Aligning Sales and Marketing (blog 1 of 3) – Key to Successful ABM

The way software is being sold, especially cloud software has been revolutionized. First, there was Marketing 2.0, then came Nurture Marketing which morphed into Inbound Marketing; quite frankly, I’m losing track (… and so do many of us that may not be early adopters, or they’re working too hard to keep up with every trend and follow their Twitter feeds real-time. Btw, these blogs are for the rest of us; be they senior managers or executives, or simply regular demand generation folks that want to keep up and produce real pipeline all the while). Anyhoo, now it seems “Account-Based Marketing” (aka “ABM”) is being expanded into the catch-all term to capture these major trends:

  • Plummeting software prices: Cloud solutions are being sold at lower prices than ever before, motivating the need to replace more expensive techniques like enterprise selling or cold-calling with cost-reduced sales and marketing processes.
  • Customer journeys are changing: It is a rare customer that has not done online research about the product they’re about to purchase. A recent article in McKinsey & Company’s “Marketing & Sales Insights” series provides compelling data on how even for large, key accounts the digital buying journey has changed the way they purchase, making old school selling insufficient.
  • The sophistication of marketing automation software: Innovation started with the likes of Hubspot and Marketo and has now evolved to include many other tools. As have the myriad of vendors that support ABM through a wealth of online behavioral data that tracks – and intercepts – eventual prospects’ digital journeys.
  • Cost-optimized demand generation processes: The above trends drive the need for deeper behavioral analytics as well as much more cost-optimized demand generation. Which in turn necessitate closer cooperation between sales and marketing. This sales-marketing alignment will help focus precisely defined customer segments, even down to a prospect in a market of 1.

Successful implementation of such high volume, high quality, and low-cost processes is doomed if sales and marketing cannot figure out how to work together. This blog is based on our experience with five concrete approaches that we employed to align marketing and sales. The results were impressive in that our teams were able to produce 75% of accepted sales opportunities within 9 to 18 months, all the while supporting business growth.

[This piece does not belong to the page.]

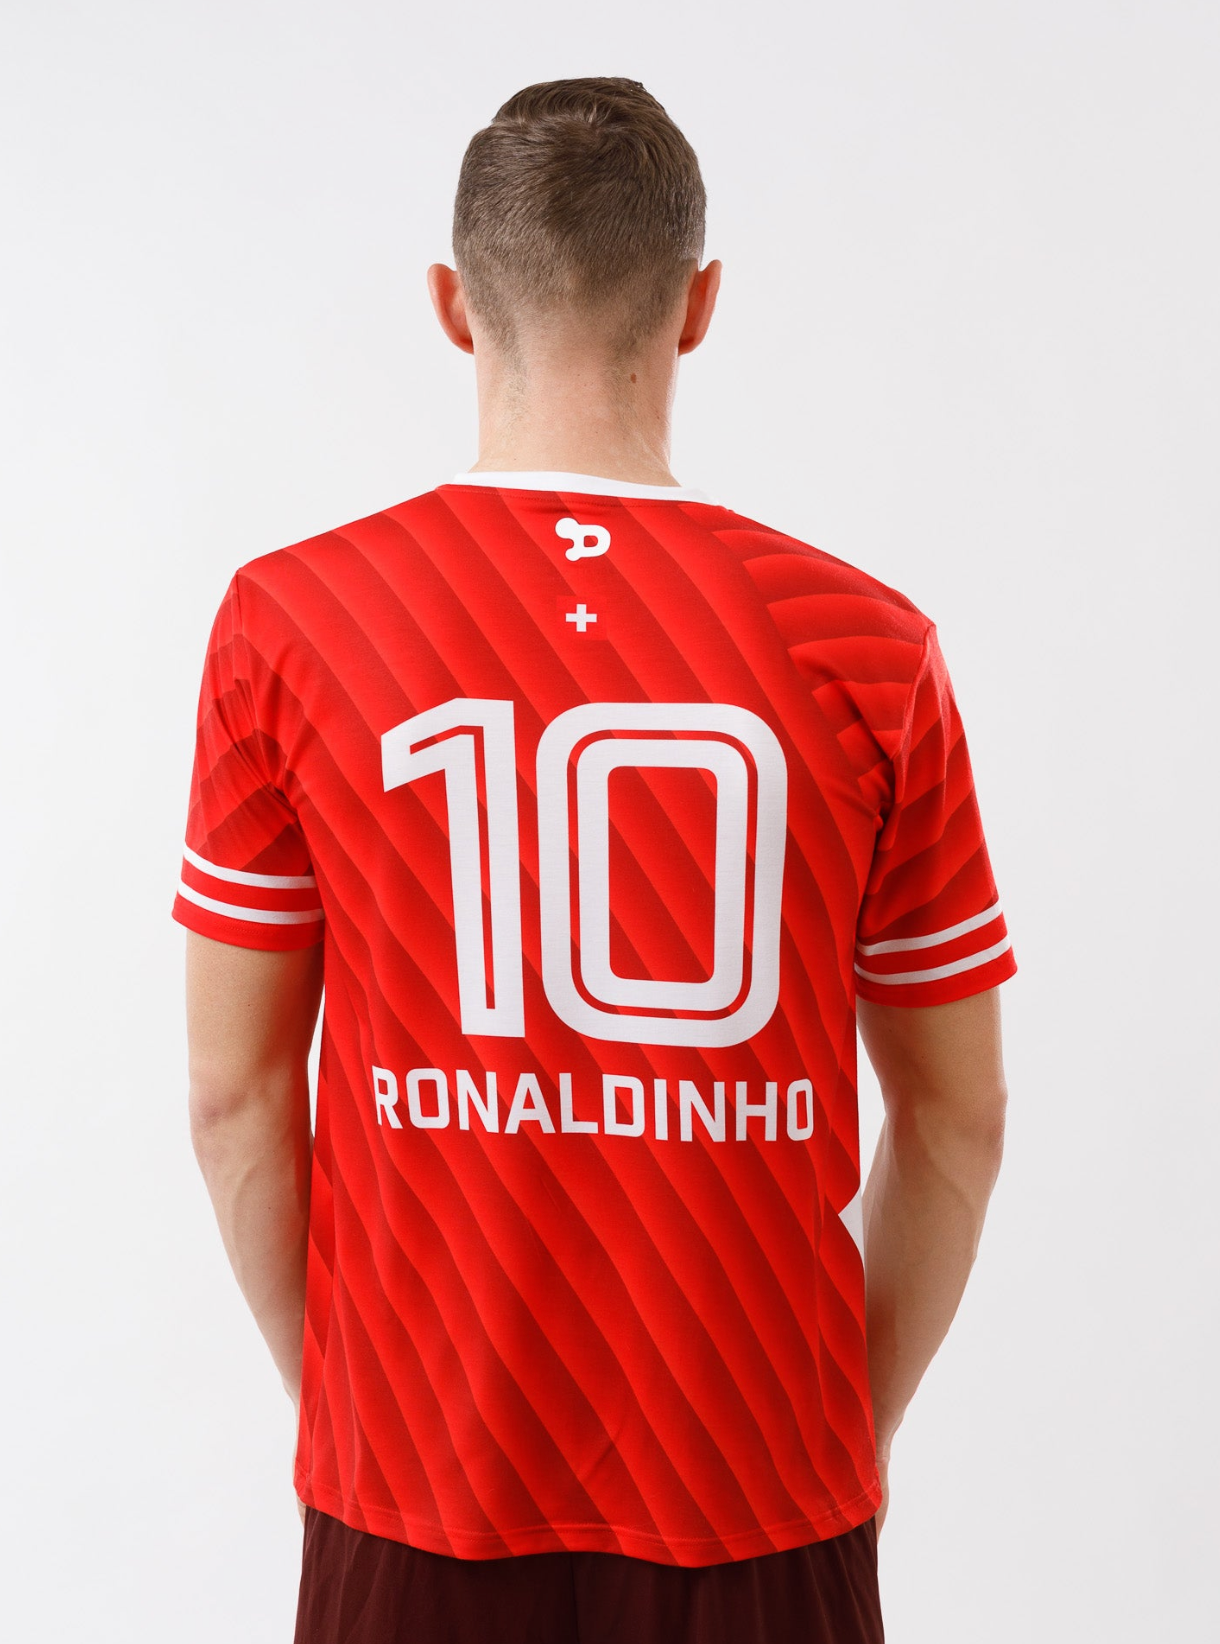 Ronaldinho Switzerland Jersey/Camisa

What were those keys to success?

1) Executive staff and sales and marketing teams need to be familiar with the basics of ABM:

  • It all starts with setting realistic expectations with the board and executives. While modern demand generation approaches are more cost-efficient and result in high-quality leads, the process and infrastructure requirements are complex. Therefore, it’s important to set realistic expectations for how quickly results can be generated; what is involved in setting up these systems; and, more importantly, how much will need to be invested for how long before management and the investors see upticks in growth.
  • Second, sales and marketing teams need to meet frequently to understand the system to be built and learn each other’s languages. This ranges from how the two teams perceive market realities (for example, sales reps will see the political landscape of a prospect, while the marketing folks will home in on the prospect’s standing in their respective market place), on to communication and interpersonal differences (for example, salespeople tend to be more extroverted, while marketers quite often are more introverted; sales reps usually place a higher value on incentive compensation, while marketing folks derive motivation also from intrinsic rewards; etc.). Bridging these perceptions and communication differences requires patience and self-awareness.
  • Last but certainly not least, the CEO and the board need to embrace analytics, and promote a data-driven and transparent approach to managing the opportunity pipeline. This implies learning how to use and analyze the data that the new systems provide. Since many executives have cut their teeth in the enterprise selling days of software sales in the 1990s or earlier, when selling was art more than science, some find the wealth of data in modern systems overwhelming to use and difficult to understand.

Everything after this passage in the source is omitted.